Matsumura, T., Nagamura, N., Akaho, S., Nagata, K., & Ando, Y. (2021). Spectrum adapted expectation-conditional maximization algorithm for extending high–throughput peak separation method in XPS analysis. Science and Technology of Advanced Materials: Methods, 1(1), 45-55.
Examples
#generating the synthetic spectral data based on three component Doniach-Sunjic-Gauss mixture model.

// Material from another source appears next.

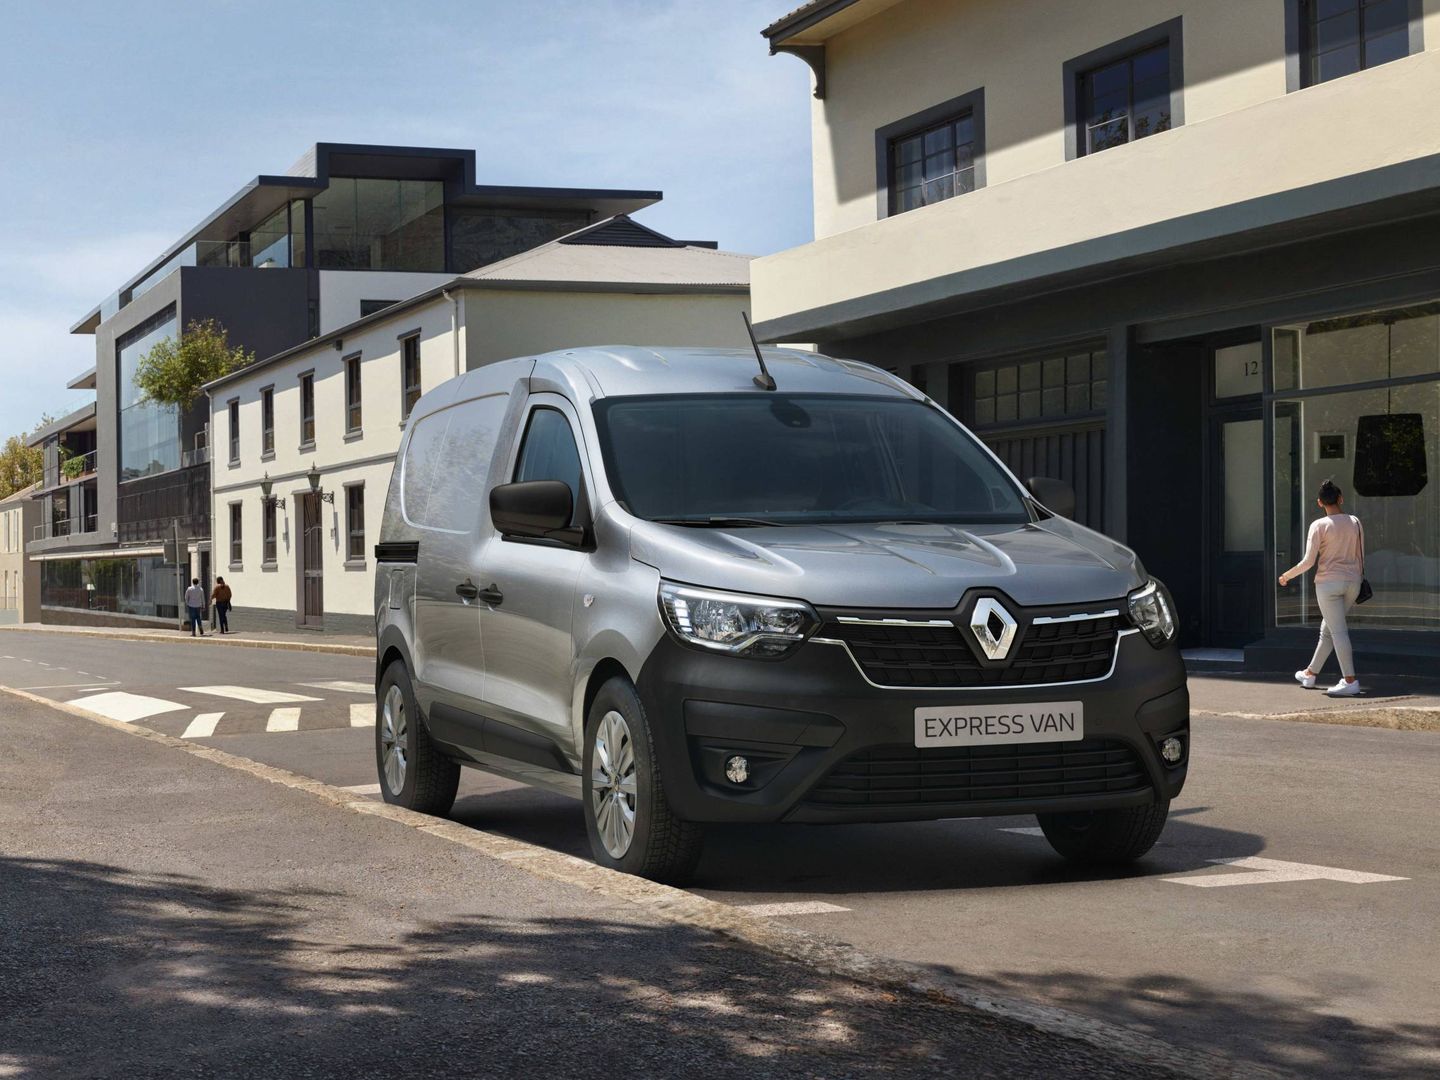 Renault es líder en matriculaciones por renting como marca y por modelo con el Express.

x <- seq(0, 100, by = 0.5)
true_mu <- c(20, 50, 80)
true_sigma <- c(3, 3, 3)
true_alpha <- c(0.1, 0.3, 0.1)
true_eta <- c(0.4, 0.6, 0.1)
true_mix_ratio <- rep(1/3, 3)
degree <- 4
#trancated Doniach-Sunjic-Gauss
truncated_dsg <- function(x, mu, sigma, alpha, eta) {
((eta*(((gamma(1-alpha)) /
((x-mu)^2+(sqrt(2*log(2))*sigma)^2)^((1-alpha)/2)) *
cos((pi*alpha/2)+(1-alpha)*atan((x-mu) /
(sqrt(2*log(2))*sigma))))) + (1-eta)*dnorm(x, mu, sigma)) /
sum( ((eta*(((gamma(1-alpha)) /
((x-mu)^2+(sqrt(2*log(2))*sigma)^2)^((1-alpha)/2)) *
cos((pi*alpha/2)+(1-alpha)*atan((x-mu) /
(sqrt(2*log(2))*sigma))))) + (1-eta)*dnorm(x, mu, sigma)))
}
y <- c(true_mix_ratio[1]*truncated_dsg(x = x,
mu = true_mu[1],
sigma = true_sigma[1],
alpha = true_alpha[1],
eta = true_eta[1])*10^degree +
true_mix_ratio[2]*truncated_dsg(x = x,
mu = true_mu[2],
sigma = true_sigma[2],
alpha = true_alpha[2],
eta = true_eta[2])*10^degree +
true_mix_ratio[3]*truncated_dsg(x = x,
mu = true_mu[3],
sigma = true_sigma[3],
alpha = true_alpha[3],
eta = true_eta[3])*10^degree)
plot(y~x, main = "genrated synthetic spectral data")
#Peak fitting by EMpeaksR
#Initial values
K <- 3
mix_ratio_init <- c(0.2, 0.4, 0.4)
mu_init <- c(20, 40, 70)
sigma_init <- c(4, 3, 2)
alpha_init <- c(0.3, 0.2, 0.4)
eta_init <- c(0.5, 0.4, 0.3)
#Coducting calculation
SP_ECM_DSG_res <- spect_em_dsgmm(x = x,
y = y,
mu = mu_init,
sigma = sigma_init,
alpha = alpha_init,
eta = eta_init,
mix_ratio = mix_ratio_init,
conv.cri = 1e-2,
maxit = 2000)
#Plot fitting curve and trace plot of parameters
show_dsgmm_curve(SP_ECM_DSG_res,
x,
y,
mix_ratio_init,
mu_init,
sigma_init,
alpha_init,
eta_init)
#Showing the result of spect_em_dsgmm()
print(cbind(c(mu_init),
c(sigma_init),
c(alpha_init),
c(eta_init),
c(mix_ratio_init)))
print(cbind(SP_ECM_DSG_res$mu,
SP_ECM_DSG_res$sigma,
SP_ECM_DSG_res$alpha,
SP_ECM_DSG_res$eta,
SP_ECM_DSG_res$mix_ratio))
print(cbind(true_mu,
true_sigma,
true_alpha,
true_eta,
true_mix_ratio))
EMpeaksR documentation built on March 31, 2023, 9:37 p.m.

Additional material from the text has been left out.